**What the task requires**
Beginning with the line that contains "Solid Copper &", reproduce the remaining lines of the material exactly, up to and including the last one, but no pictures.

**Data segment**
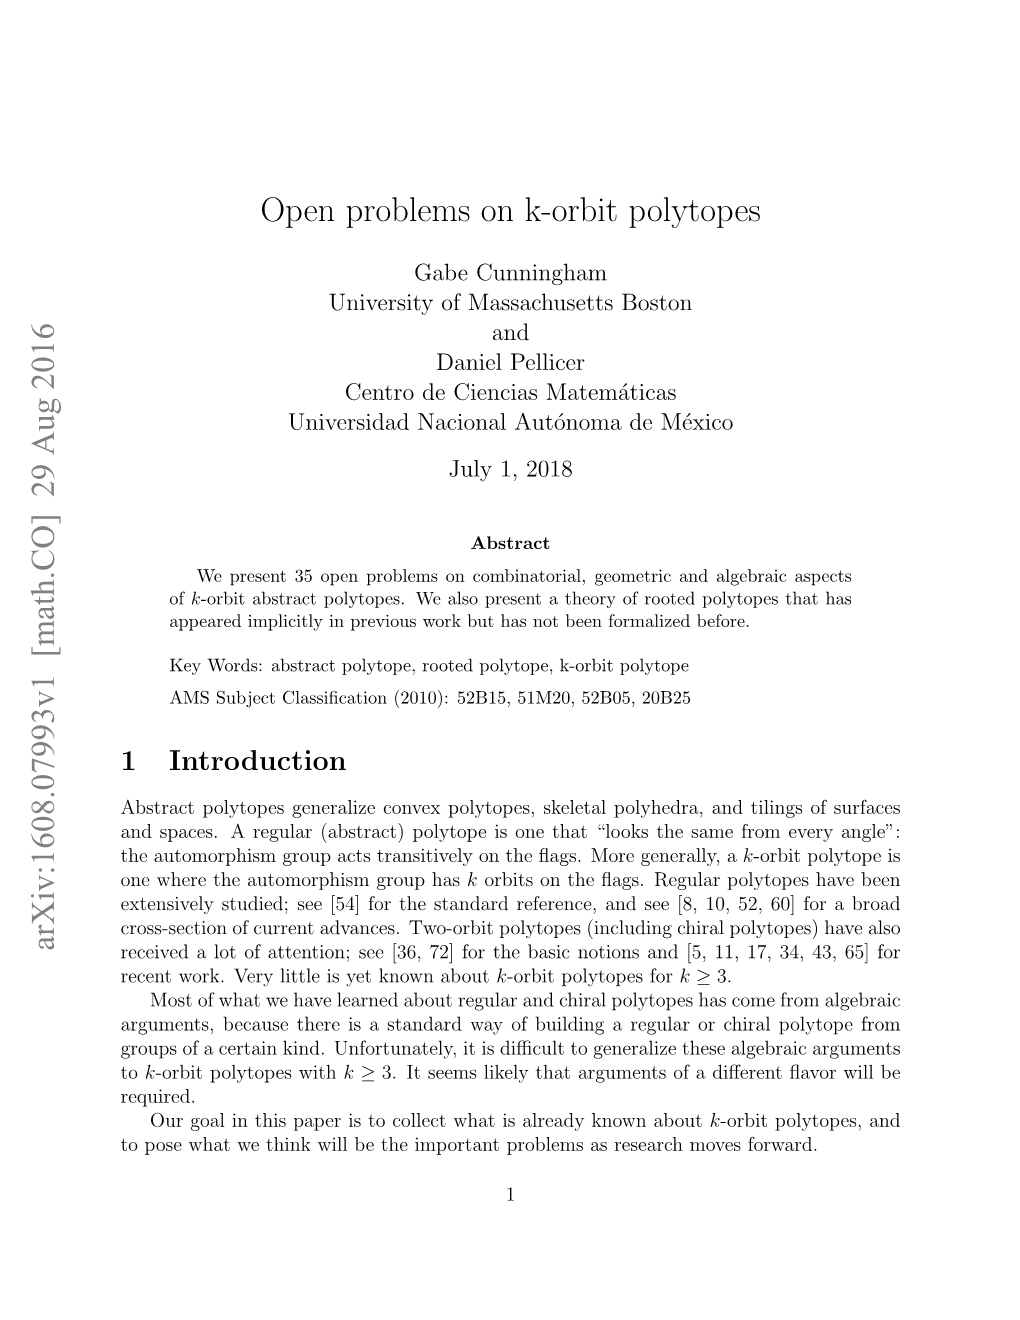 Open Problems on K-Orbit Polytopes Arxiv:1608.07993V1 [Math.CO] 29
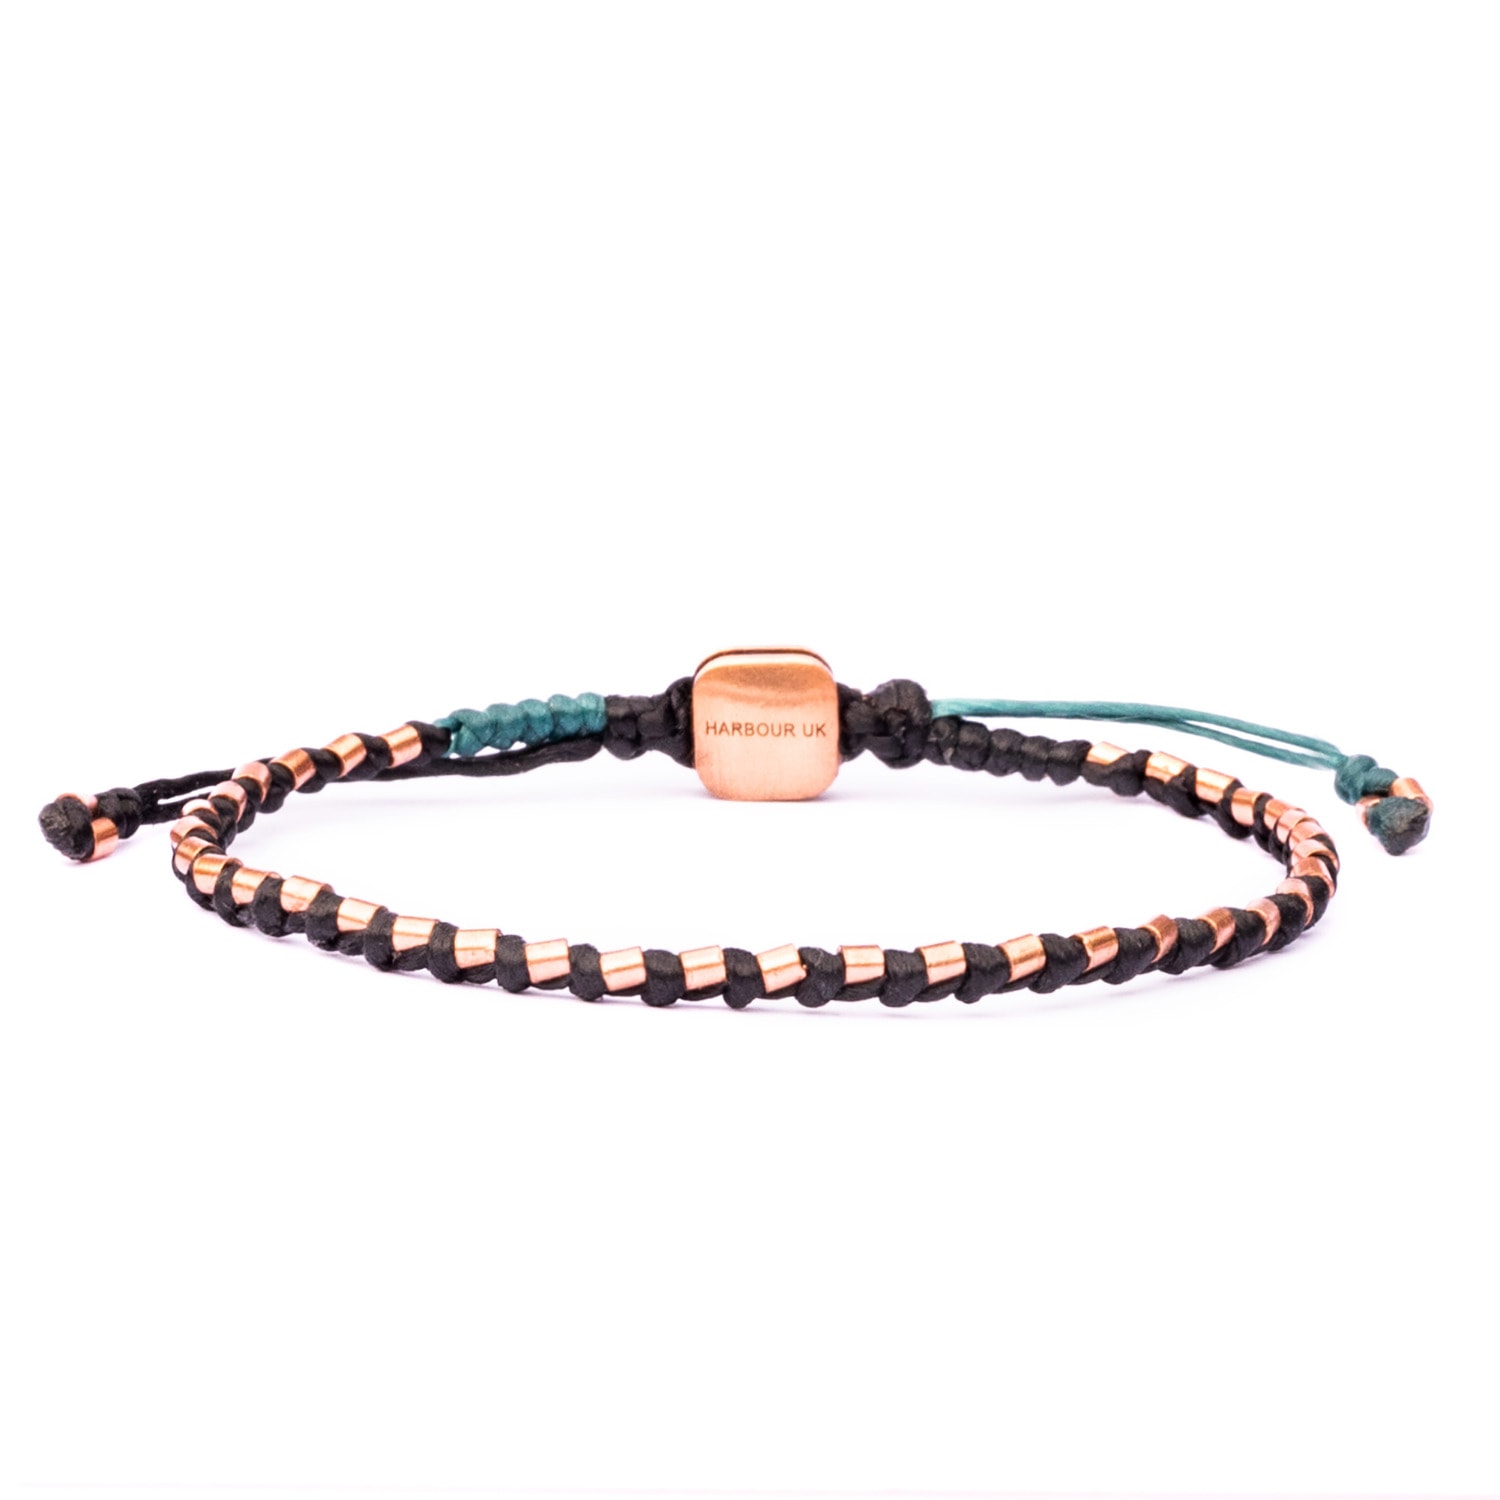 Solid Copper & Black & Aqua Rope Bracelet For Men - Multicolour Harbour UK Bracelets
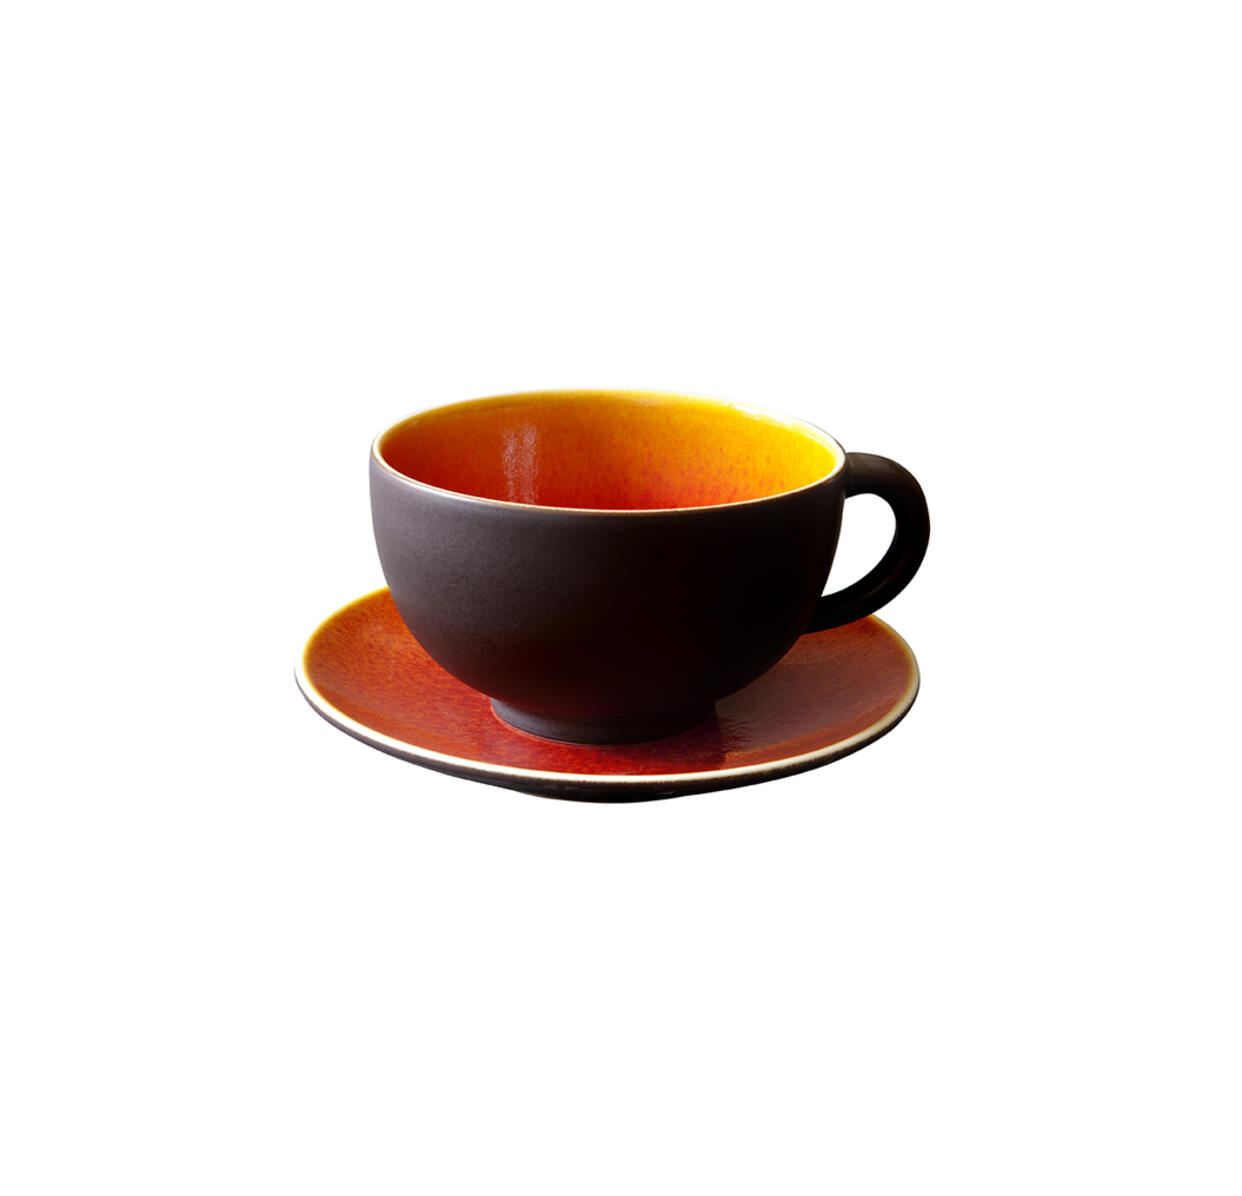 cup & saucer - m tourron orange ceramic manufacturer

**Problem solution**
 Solid Copper & Black & Aqua Rope Bracelet For Men - Multicolour Harbour UK Bracelets
 cup & saucer - m tourron orange ceramic manufacturer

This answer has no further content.